Tokenization versus Encryption
Tokenization can be seen as a form of encryption, where a big dictionary is created that links entries and tokens. Decryption is hardly possible or even totally impossible. The usage of that huge dictionary consists of looking at a symbol, then looking at an entry, and checking if the symbol represents the entry or not. It then differs from a normal encryption scheme that can decipher any symbol if given the right key. In tokenization, the “big” dictionary is the key itself and the only way to reverse tokens is to create the reversed dictionary, which is usually supposed to be impossible. But this is not always truly impossible. Recently, terabytes of “Rainbow Tables” have been created and can crack, for example, tokenized Windows passwords.
Note that “standard” cryptographic algorithms like AES or RSA can be effectively used to generate tokens, the goal being to map an entry to a token, and not consider decryption.
Finally and less obvious, “pure” random functions can be used to generate tokens. The correspondence between the information and the token representing it has been maintained in a dictionary. This is probably the best and ideal way to create tokens. For instance, for any information not already represented by a token, a new random 200 bits of data is generated and registered as a new entry in the dictionary.
Encrypted data can be deciphered, but the tokens must be unmapped to make sense, so they add obfuscation to the security.
Tokenization in the Banking Context
In the banking industry, tokenization has great importance. For instance, the PAN (Primary Account Number) is not to be exposed in databases. Therefore, a token/surrogate PAN is usually substituted to represent the PAN. For example, the following dictionary shows a conversion between some PANs and tokens.
Here the tokens do not preserve the original formatting. Tokens have better usage when they respect the like-to-like format rule. For instance a 16 digit PAN should be represented by a 16 digit token, eventually respecting the Luhn algorithm.

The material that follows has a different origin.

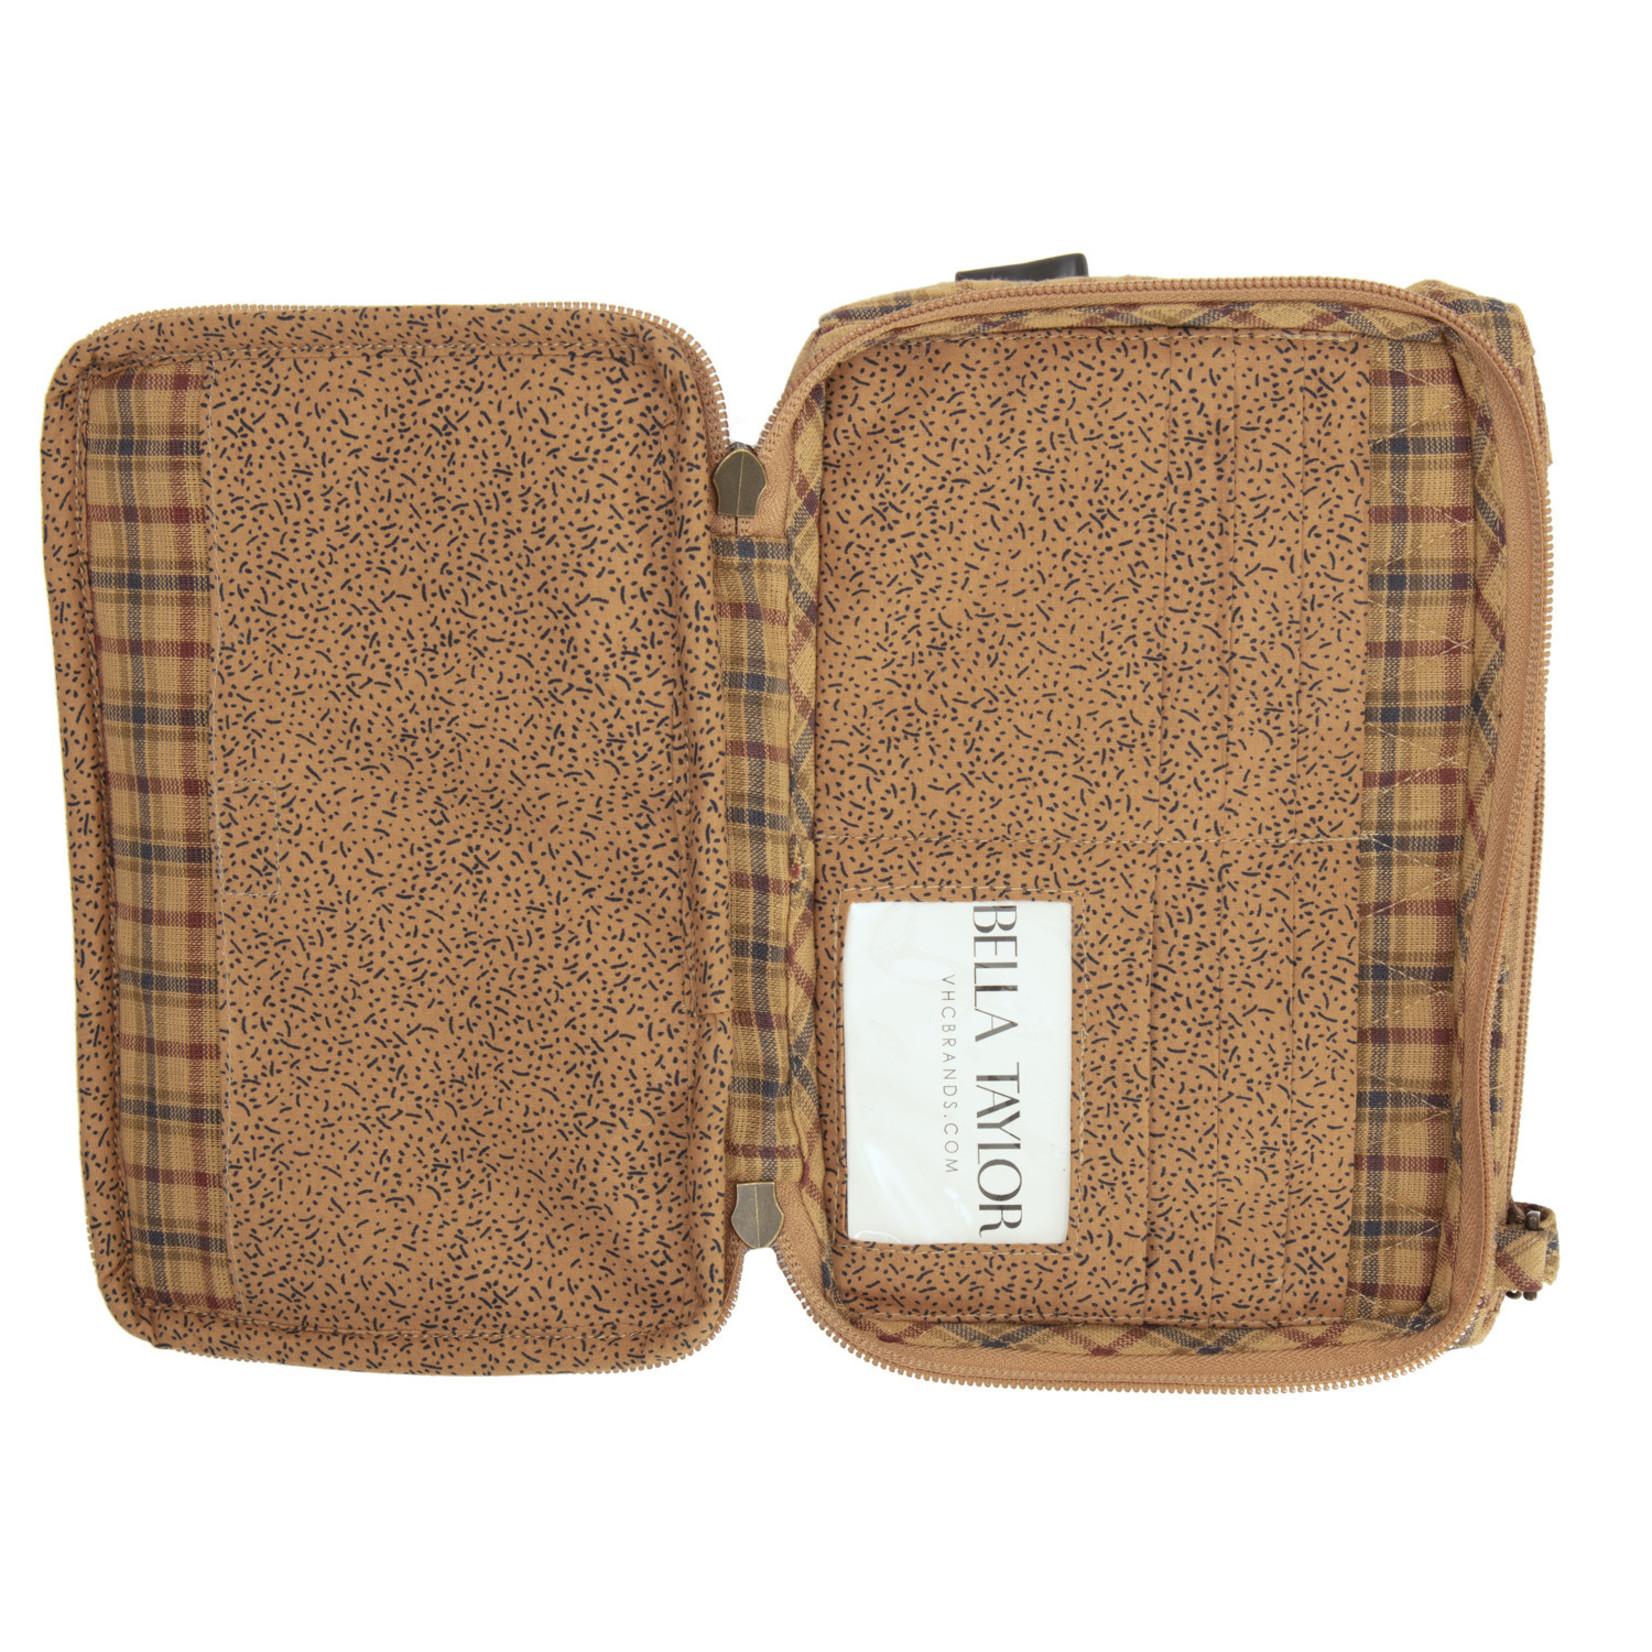 Bella Taylor Millsboro - Essentials handbag

Visa has a strong tokenization requirement and so does the EMV consortium, as described in “EMV® Payment Tokenisation Specification”. Here are a few stories from the banking industry to illustrate the everyday use of tokens.
1) All EMV transactional data will be tokens
The actual trend in the EMV tokenization is that ALL transaction data will become tokens! Not just the PAN or related card data…
2) Combating CNP fraud
Card-not-present (CNP) fraud consists of using credit card data for fraudulent online “web” transactions. Such data consist of the PAN, expiration date, cardholder name and the CVV / CVC. These data are usually obtained by compromising unencrypted and unprotected databases merchant databases. Tokenization prevents merchants from storing card data but allows the storage of the token, which will be useless to attackers.
3) Securing card-on-file
Card-on-file is the process of collecting initial card data to store it and use it for recurring payments, for example. During the card-on-file process, tokens are requested and stored instead of credit card data. At each renewal period, the system will automatically send the tokens to the token gateway and charge the right account via de-tokenization.
4) Tokenization reduces false declines
A false decline (false positive) occurs when a genuine customer within their spend limit cannot place an online transaction. The reasons behind this are complex and the error messages are usually generic on purpose. It has been proved that Network EMV tokenization reduces such false positives.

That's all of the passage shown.